» REQUIREMENT:
Return exactly the lines of the data below, from the one that contains "Gran Patron Anejo Tequila (Luxury Box)" through the final line, and leave out every picture.

───── DATASET SECTION

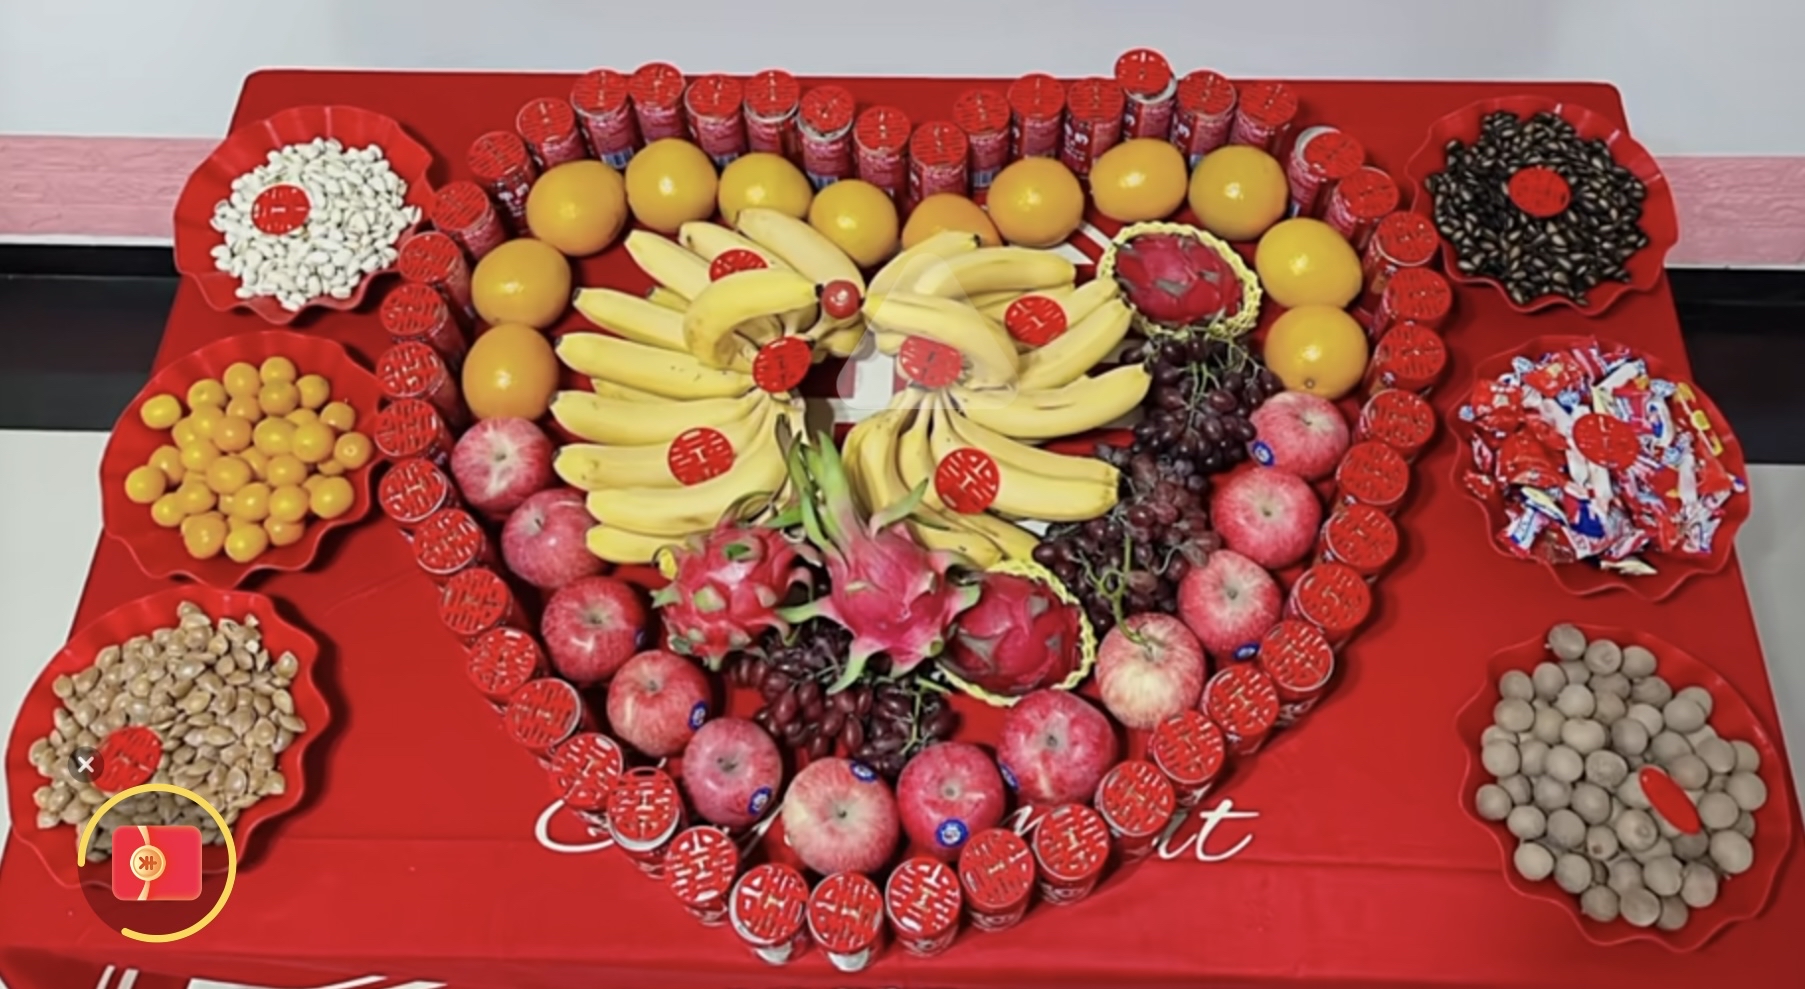 水果在结婚摆盘中很常见,如苹果,柑橘,石榴,西瓜等
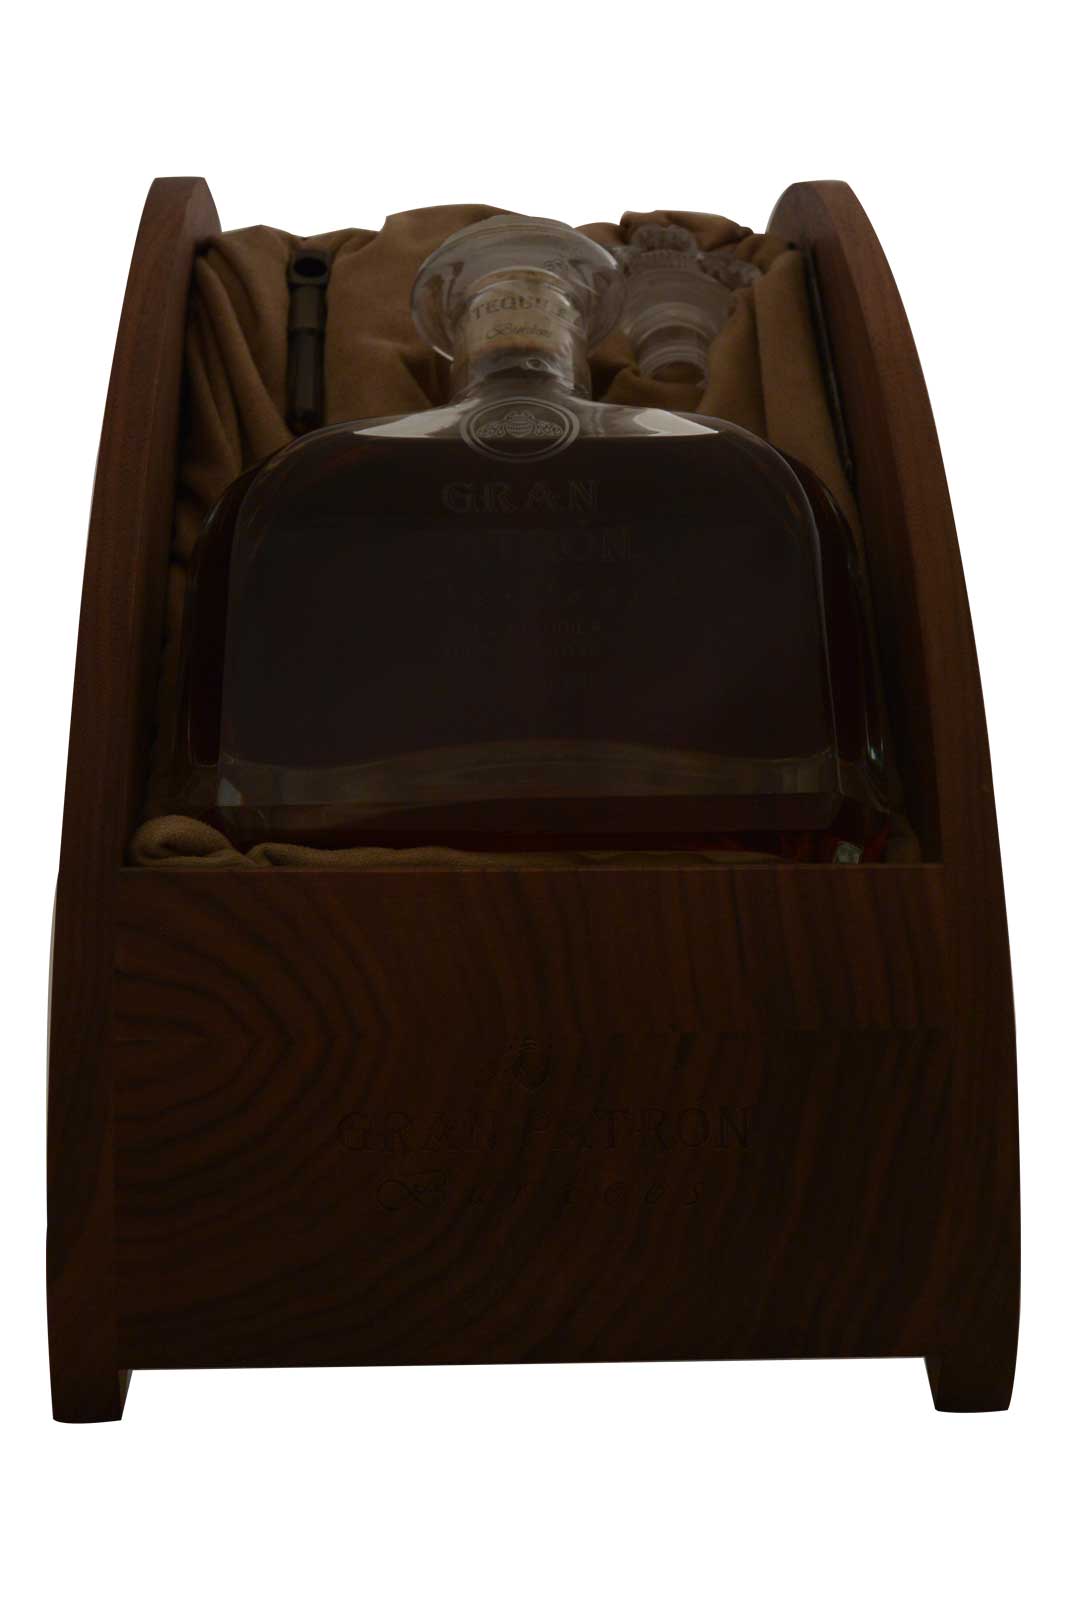 Gran Patron Anejo Tequila (Luxury Box)
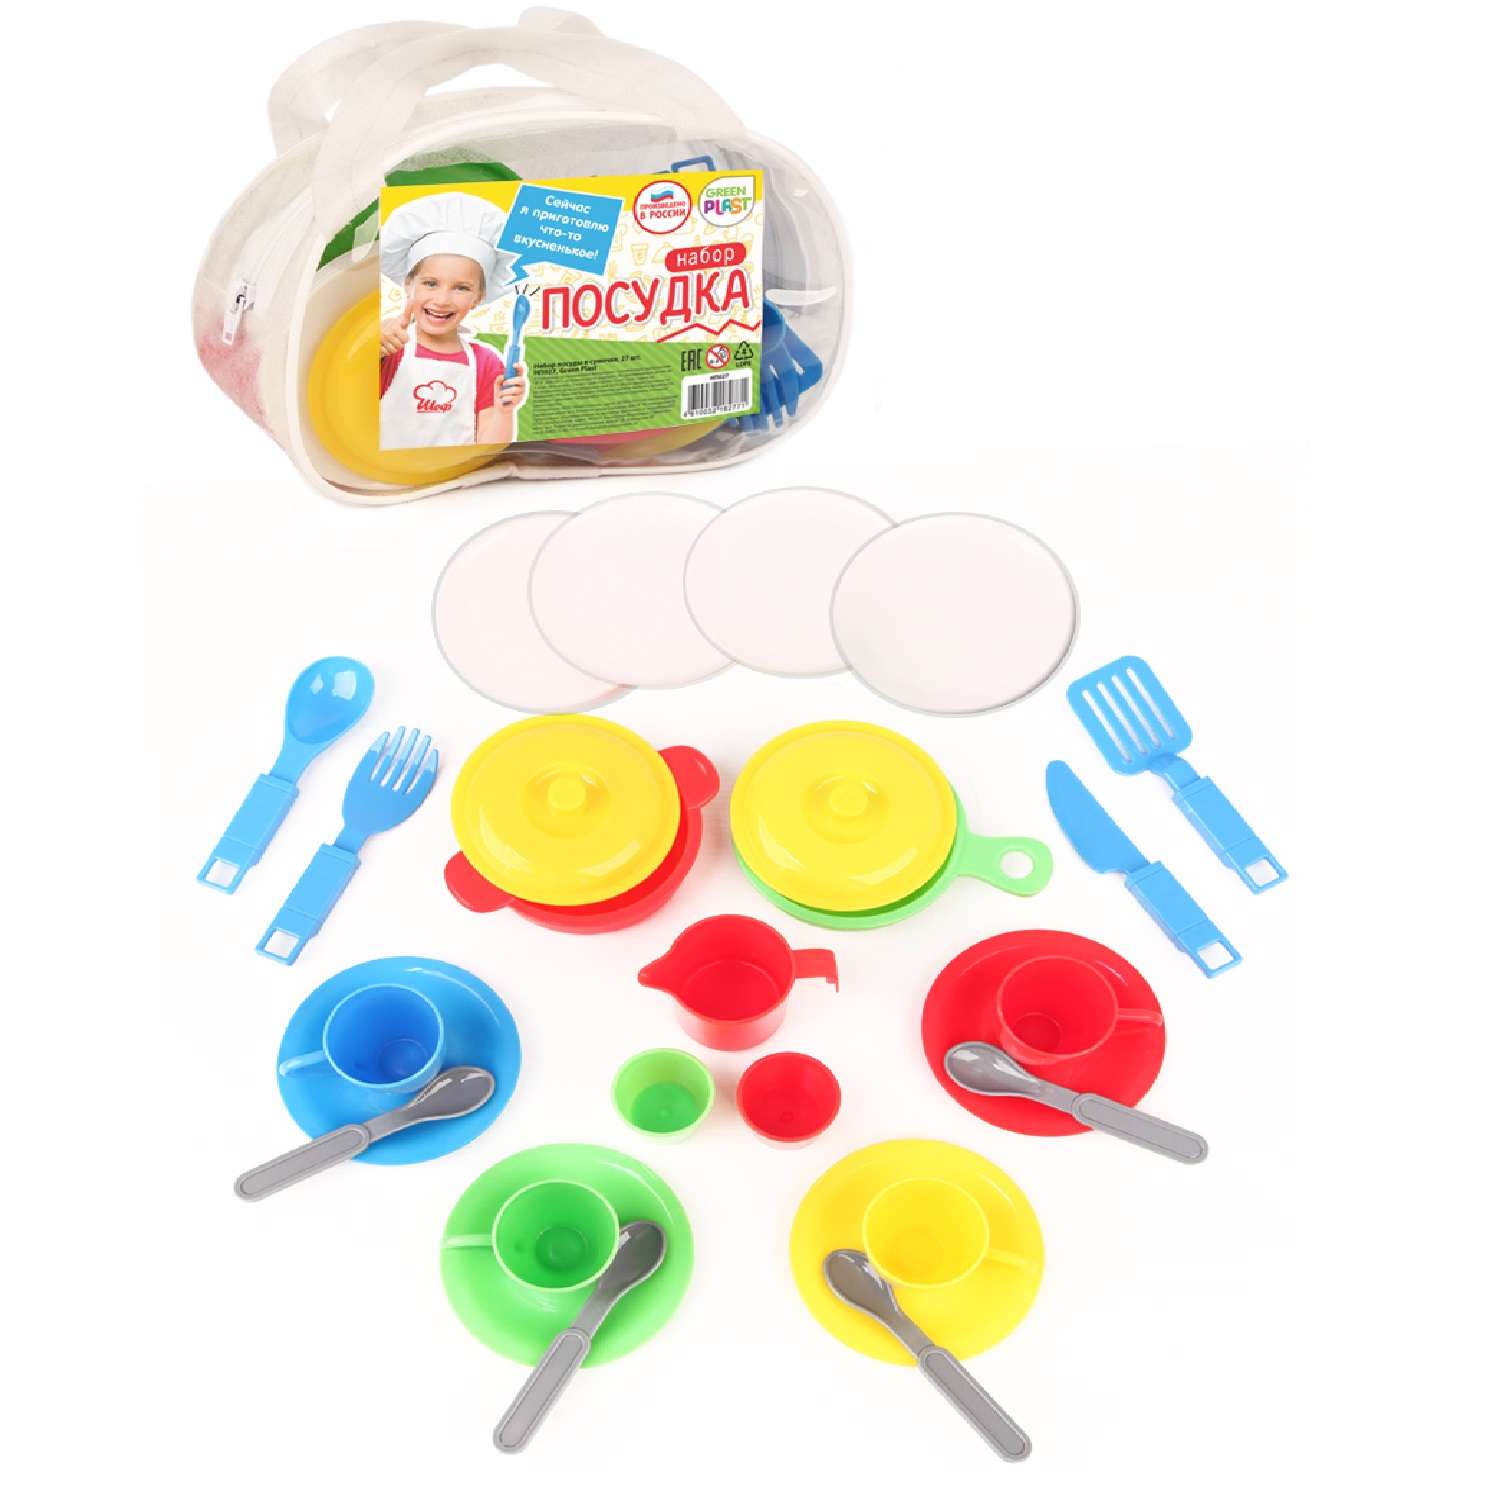 Игровой набор для кухни Green Plast игрушечная посуда детская в сумочке 27 элементов - фото 1
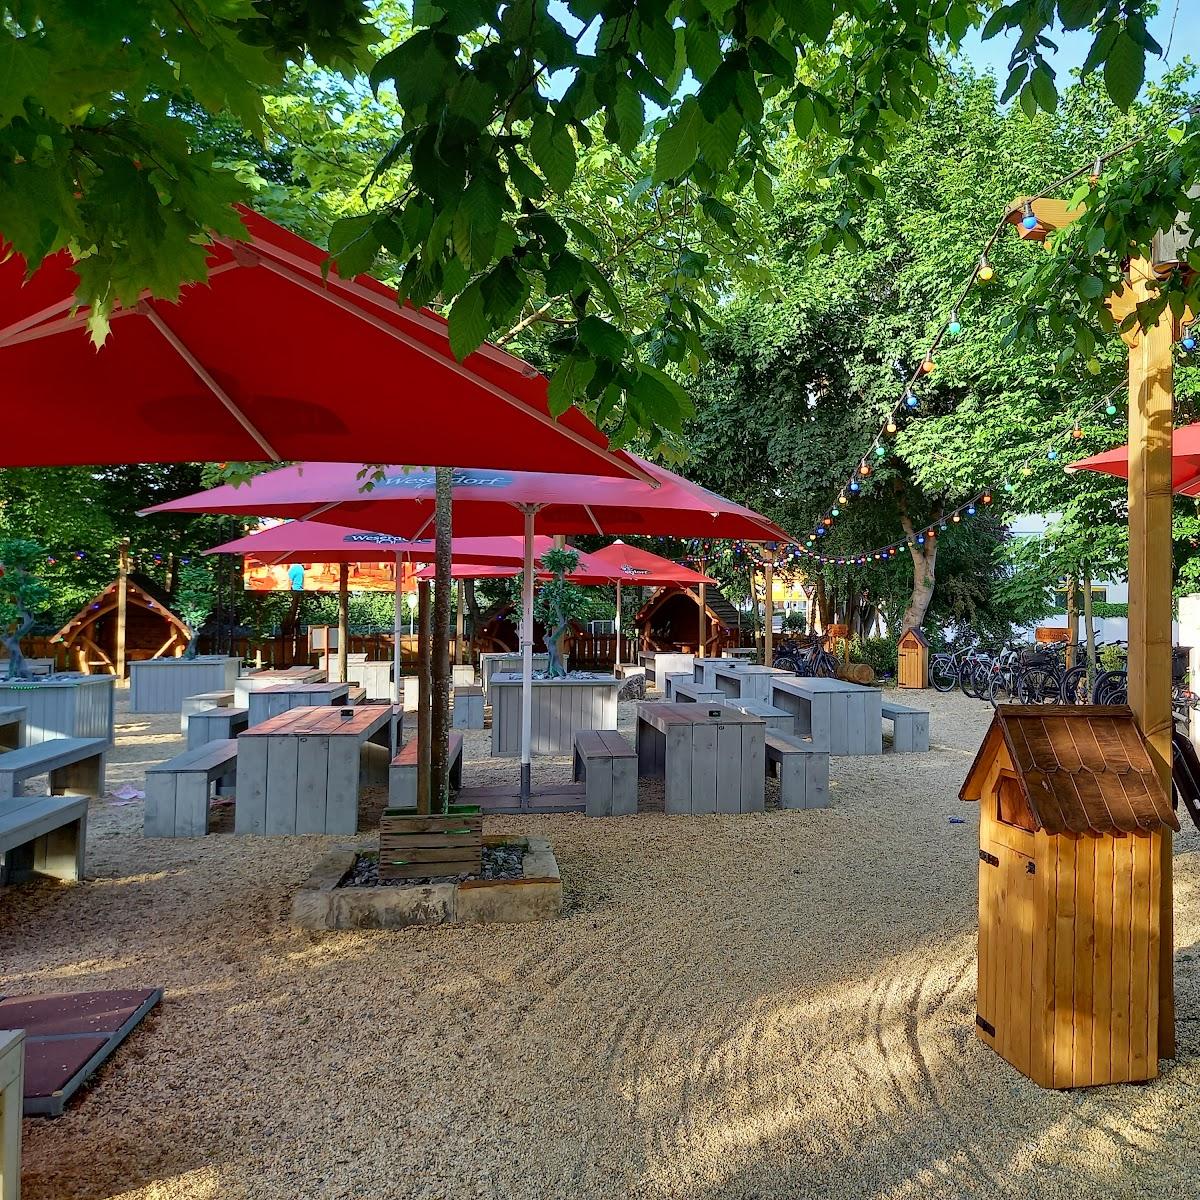 Restaurant "Weserdorf - Der Erlebnisbiergarten" in Rinteln

──────────

» RESULT OF THIS EXERCISE:
 Gran Patron Anejo Tequila (Luxury Box)
 Игровой набор для кухни Green Plast игрушечная посуда детская в сумочке 27 элементов - фото 1
 Restaurant "Weserdorf - Der Erlebnisbiergarten" in Rinteln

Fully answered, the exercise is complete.